__Aim of the task__:
All of the data below should be printed again word for word, pictures excluded.

__Available data__:
- Opening Delimiter -

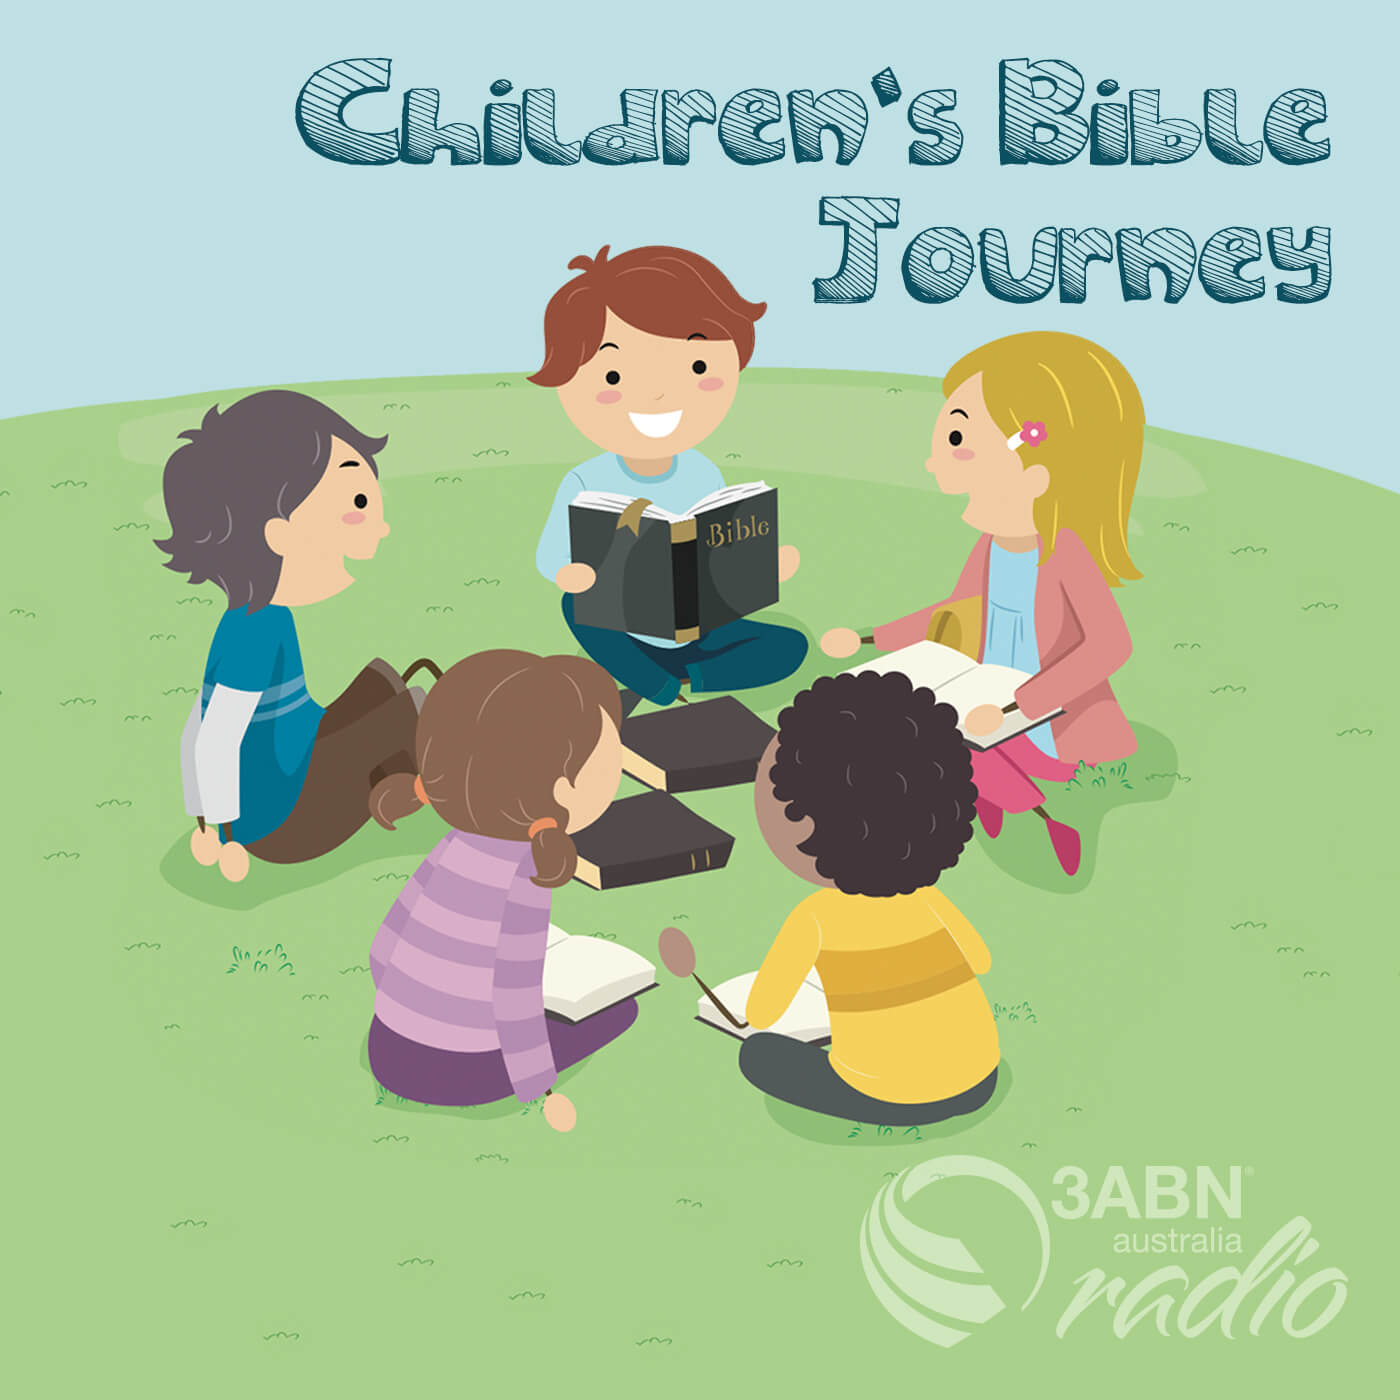 Children's Bible Journey - 2224
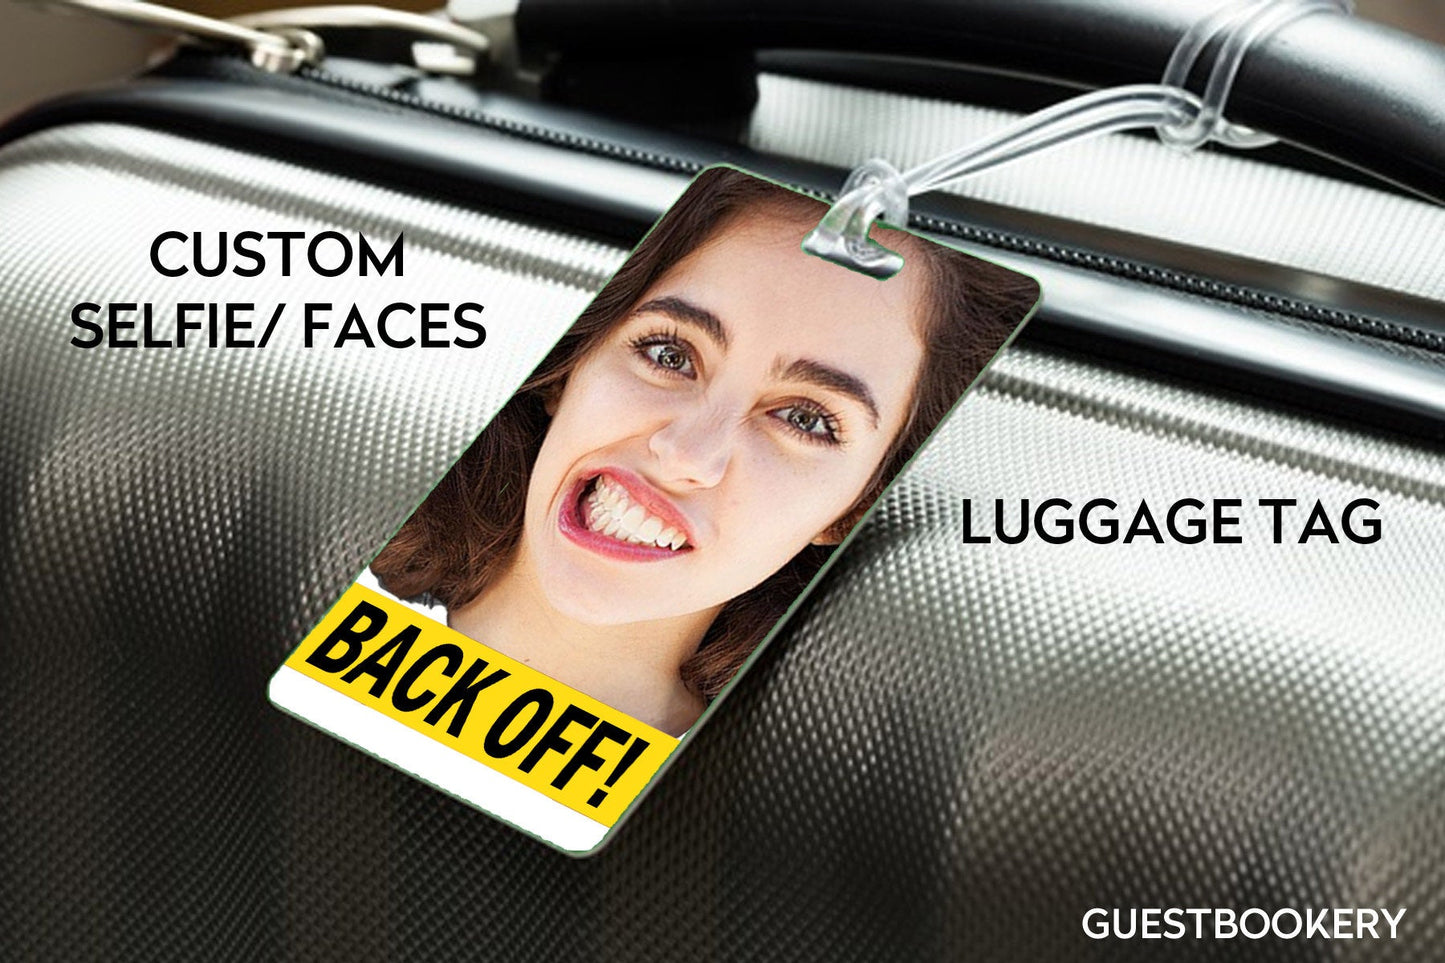 Custom Face Luggage Tag - Back Off
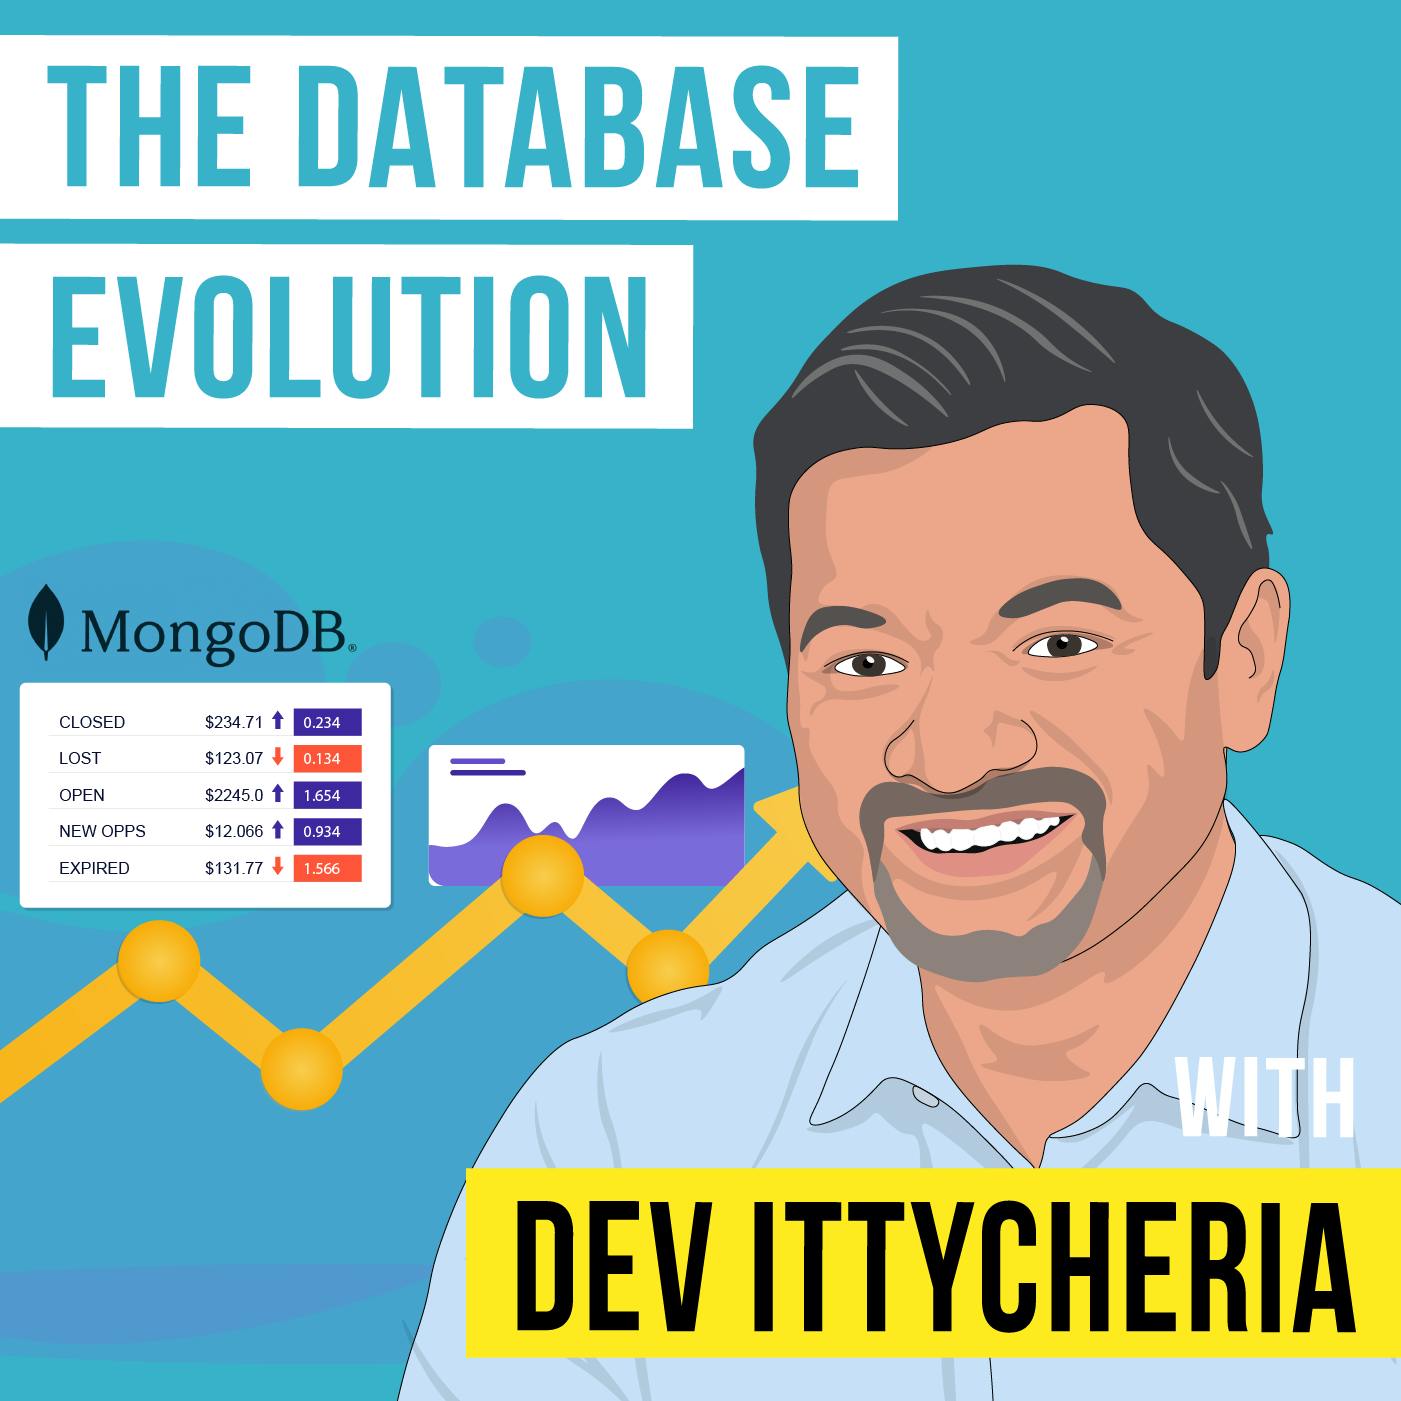 Dev Ittycheria - The Database Evolution - [Invest Like the Best, EP.373]

- Closing Delimiter -

__Finished exercise__:
 Children's Bible Journey - 2224
 Custom Face Luggage Tag - Back Off
 Dev Ittycheria - The Database Evolution - [Invest Like the Best, EP.373]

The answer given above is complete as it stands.